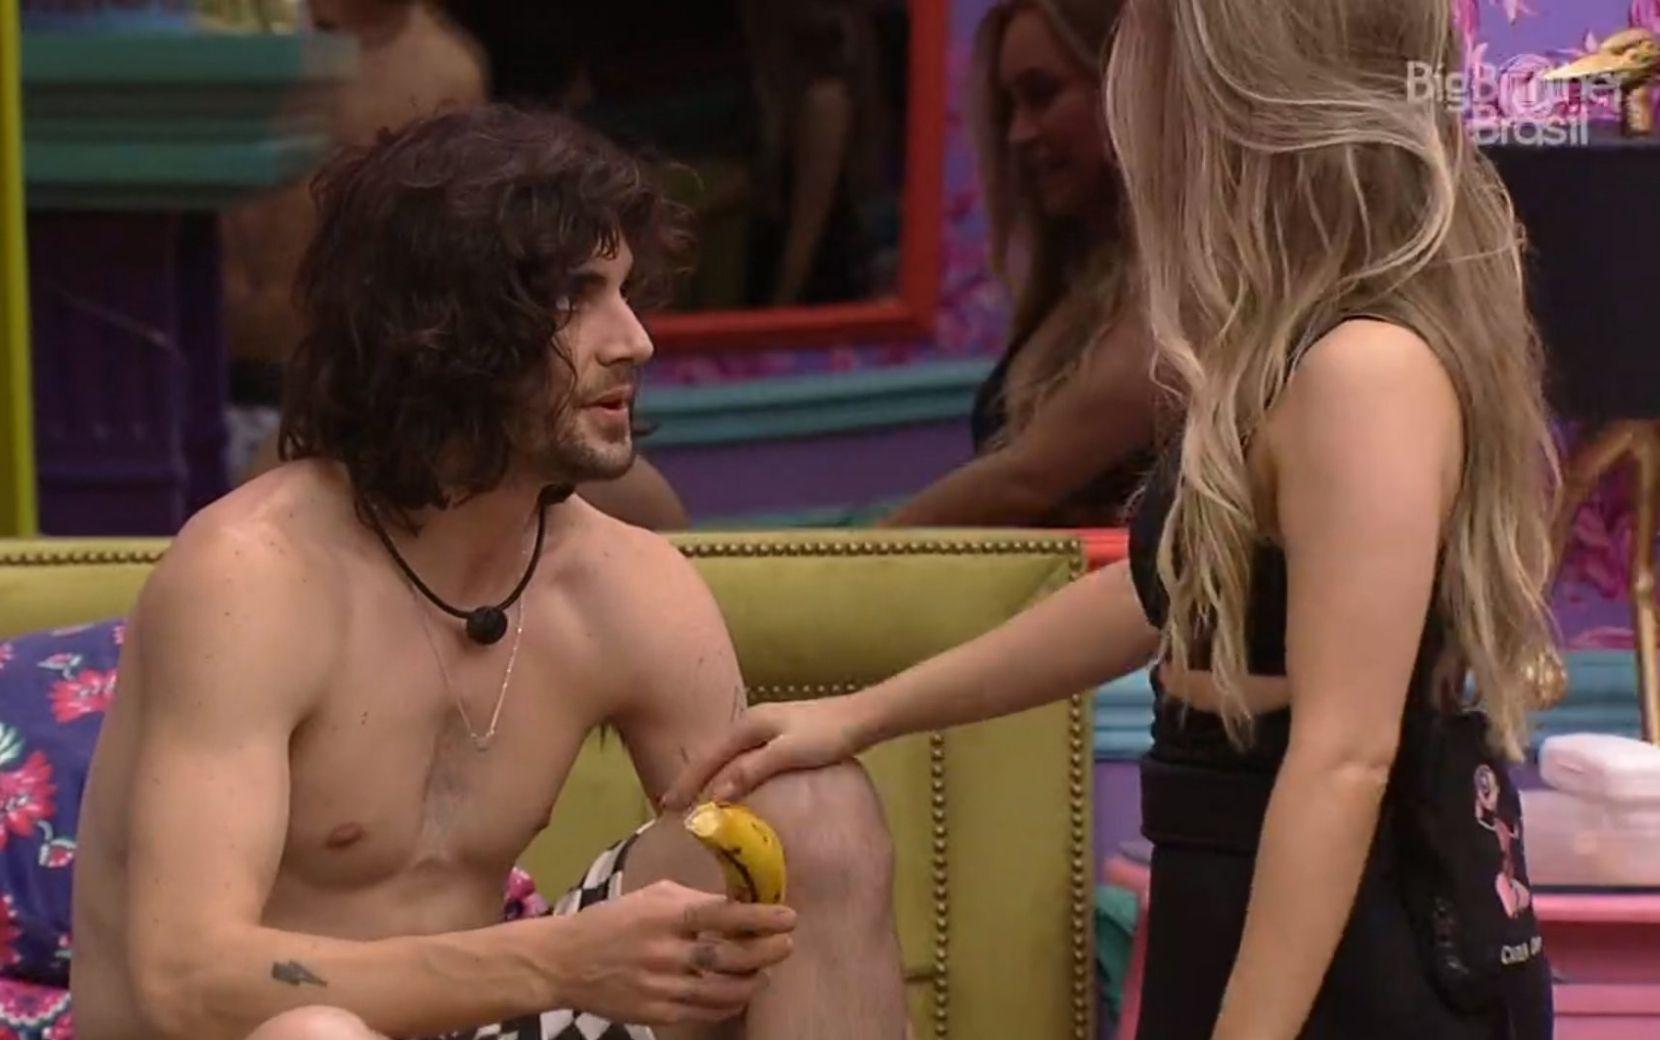 """No retorno para o BBB21, Carla Diaz dá banana para Fiuk: """"Quando eu faço uma coisa, eu assumo"""""""
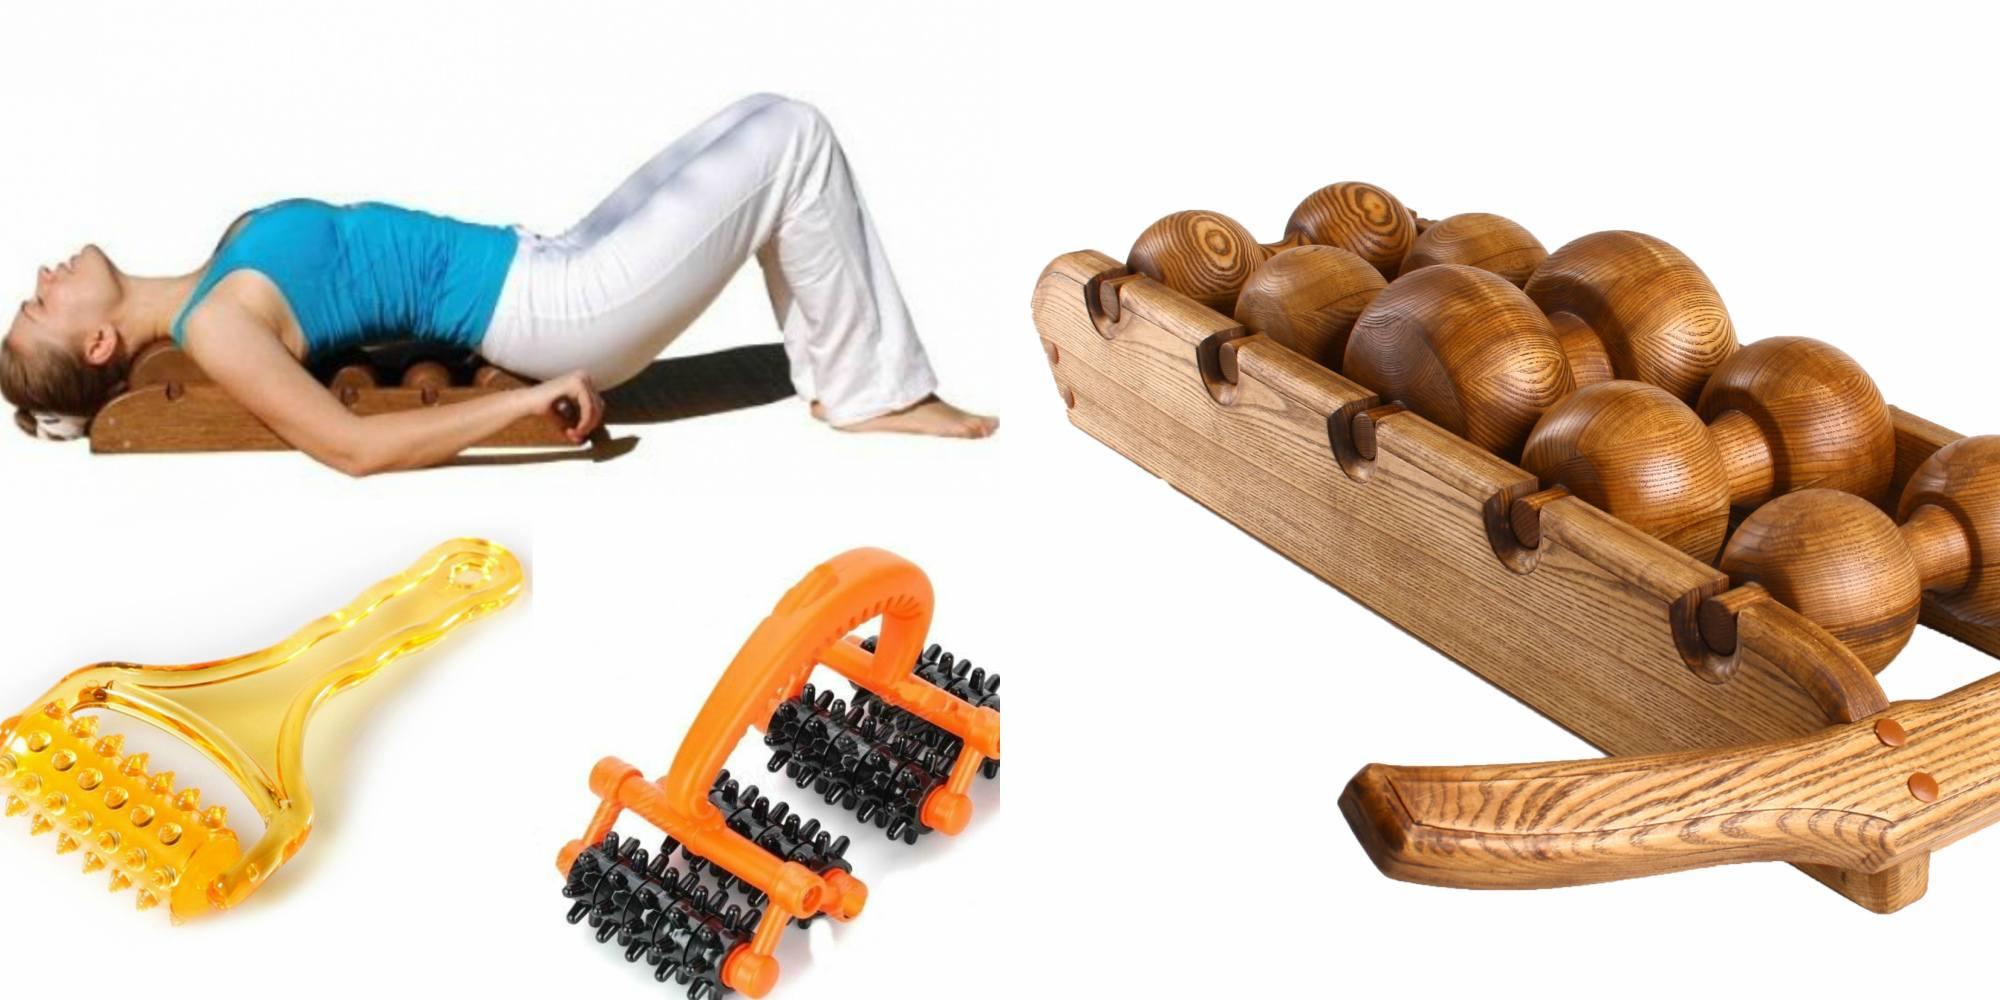 ✅ тренажер drevmass (древмасс) для спины: принцип работы и характеристики, как пользоваться и эффективность, где купить аппарат и цена - докторма.рф
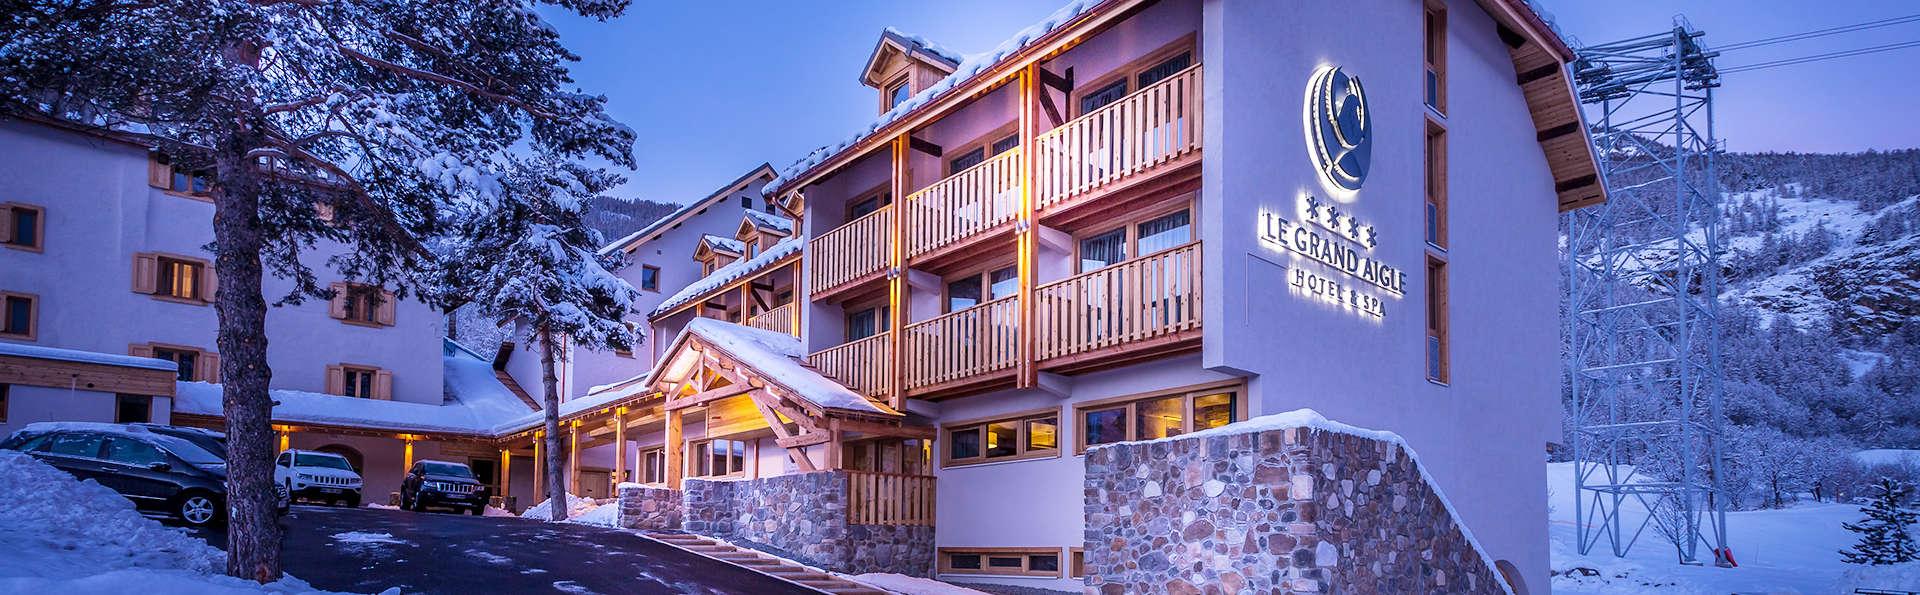 Le Grand Aigle Hotel Et Spa Serre Chevalier
==================================================
Task description
A verbatim copy of the listing is required, with all pictures left out.

Completed exercise
 """No retorno para o BBB21, Carla Diaz dá banana para Fiuk: """"Quando eu faço uma coisa, eu assumo"""""""
 ✅ тренажер drevmass (древмасс) для спины: принцип работы и характеристики, как пользоваться и эффективность, где купить аппарат и цена - докторма.рф
 Le Grand Aigle Hotel Et Spa Serre Chevalier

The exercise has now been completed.